The idiocy began in the middle of the final round, with Dustin Johnson in the lead. As Johnson was approaching the green on the 12th hole, a rules official from the United States Golf Association brought him some news: The USGA had reviewed footage from the fifth hole and determined that, well, maybe, quite possibly, he might be penalized a stroke. Johnson was informed that golf’s rules pedants would let him know what his penalty would be after the round was over. This was akin to the NFL’s replay booth calling down to say that a potential game-winning touchdown might be called back … next Tuesday.

What crime against the game of golf had Johnson committed? Back on the fifth green, he’d taken a couple of practice strokes and addressed the ball. Shortly thereafter, before he’d even placed his putter on the ground, the ball moved about one-sixteenth of a single rotation. Johnson called a rules official over to discuss the incident—yes, in golf this counts as an incident—and insisted that he did not cause the ball to move.

Whether Johnson caused the ball to move matters. The rules of golf are stupidly nitpicky, but the operative rule here was so stupidly fussy that even the hard-assed USGA felt obliged to change it. Before the rule was modified, if a golfer addressed the ball and it moved, a penalty stroke would be applied regardless of whether the golfer did anything to cause that movement. In 2012, the rule was changed so a golfer got penalized only if it’s “known or virtually certain” that he caused the movement. Beginning in 2016, the language of rule 18-2b was further simplified: Did the golfer cause the ball to move, or not? If not, there’s no penalty.

What the USGA did to Johnson today was stupid and damaging for several reasons.

• If the rules officials believe that Johnson definitively caused the ball to move, they’re insane.

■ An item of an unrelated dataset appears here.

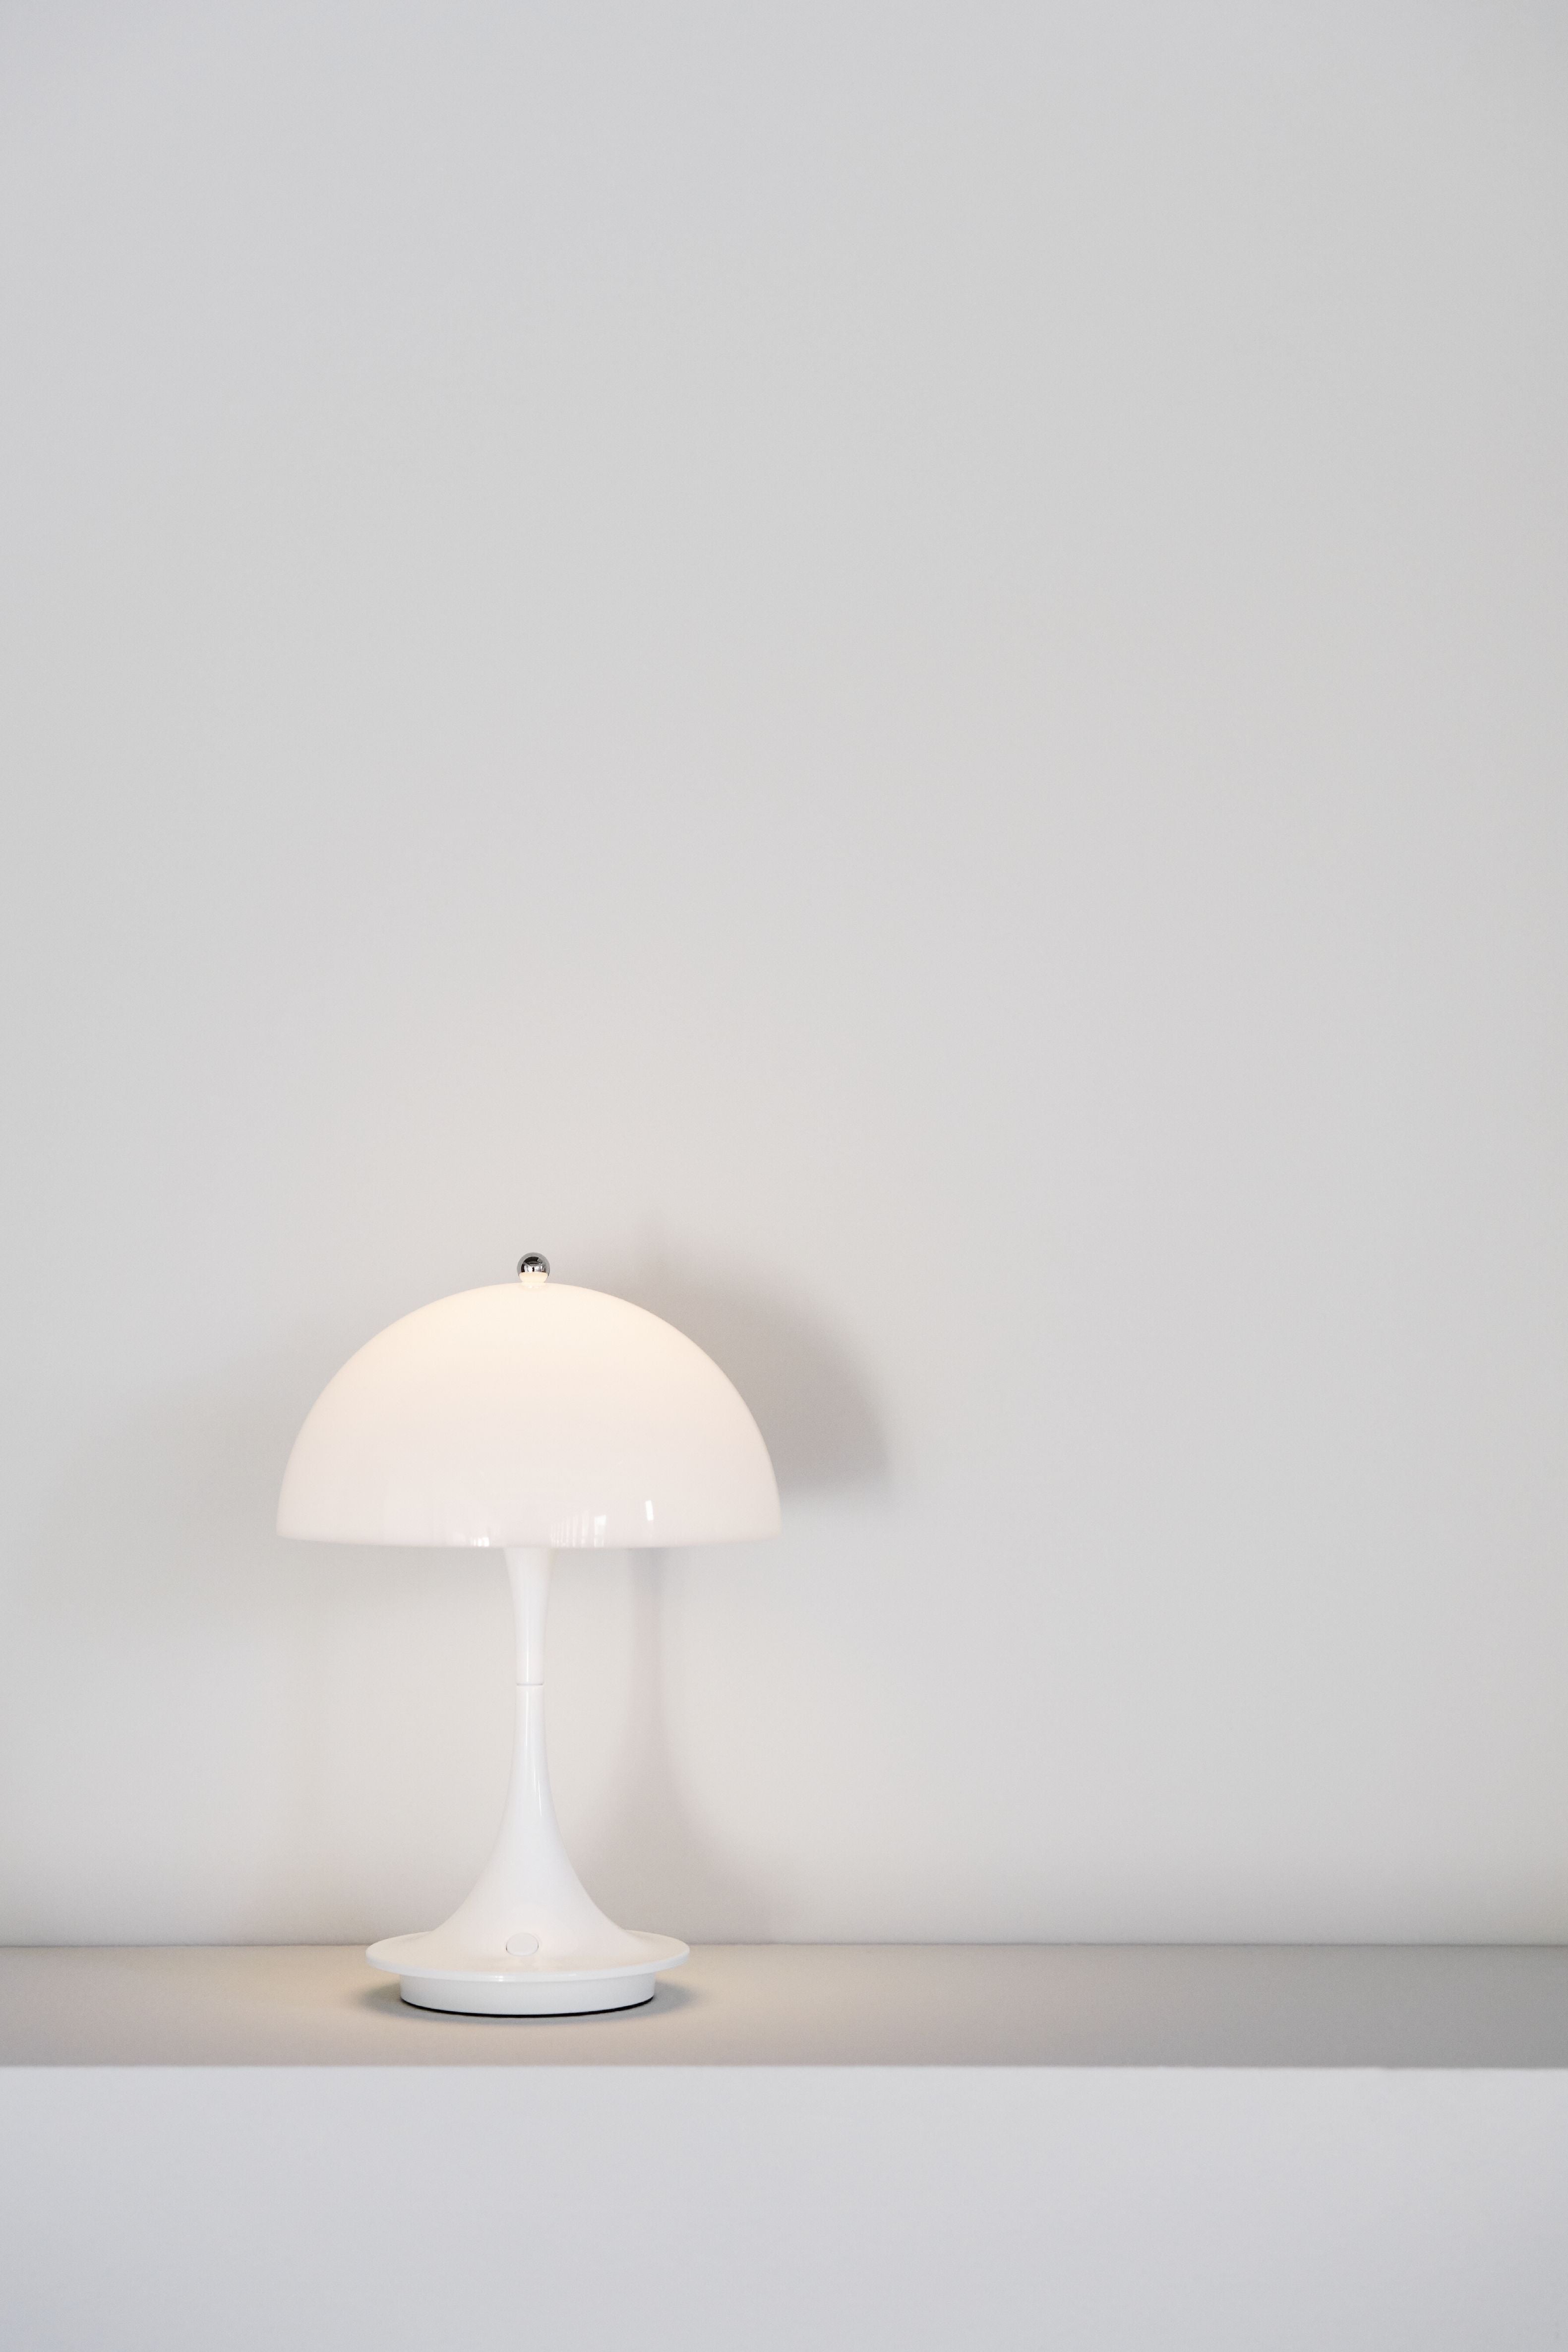 Louis Poulsen Panthella 160 Przenośna lampa stołowa V2 LED 27 K, akrylowy opal biały

He did not stomp around the ball or anything. He didn’t ground his putter, and he moved his putter gently towards the ball. The ball moved, most likely, because the USGA picked a (wonderful) course, Oakmont Country Club, with deeply sloped greens and mischievously cranked up the speed of those greens to 14 or 14.5 on the Stimpmeter (i.e., marginally slower than countertops). A teensy zephyr of wind, perhaps from a drunk fan’s late afternoon belch, can cause a ball to move. Or gravity.

• Johnson, who has had so many close calls in majors before and had a playoff opportunity at the 2010 PGA Championship taken away post-round by a (fairer) rules call, was forced to play the rest of his round rattled, believing that he had to win by two to avoid any sort of asterisk. If you’re going to call a penalty on the guy, call a penalty on the guy. Don’t tell him that you might call it in a couple of hours, when everyone’s finished playing.

• The game is having trouble attracting new viewers and players. That seemed to be part of why a strict rule like this would be loosened in the first place. Now, in a U.S. Open, the USGA wants to go out of its way to make a ticky-tacky call like this? Do they want the game to die?

Fellow players seem to agree the USGA massively screwed this up:

Golf’s old-fashioned moral code requires players to call penalties on themselves if there’s even a question about whether they’ve transgressed. It’s possible that, after his round, Johnson will be asked to make the final decision about whether he did or didn’t make the ball move. Given everything that’s happened today, he should avoid the old-school golfer’s rules about humility and decline to penalize himself. Everyone player and golf fan in the world would have his back.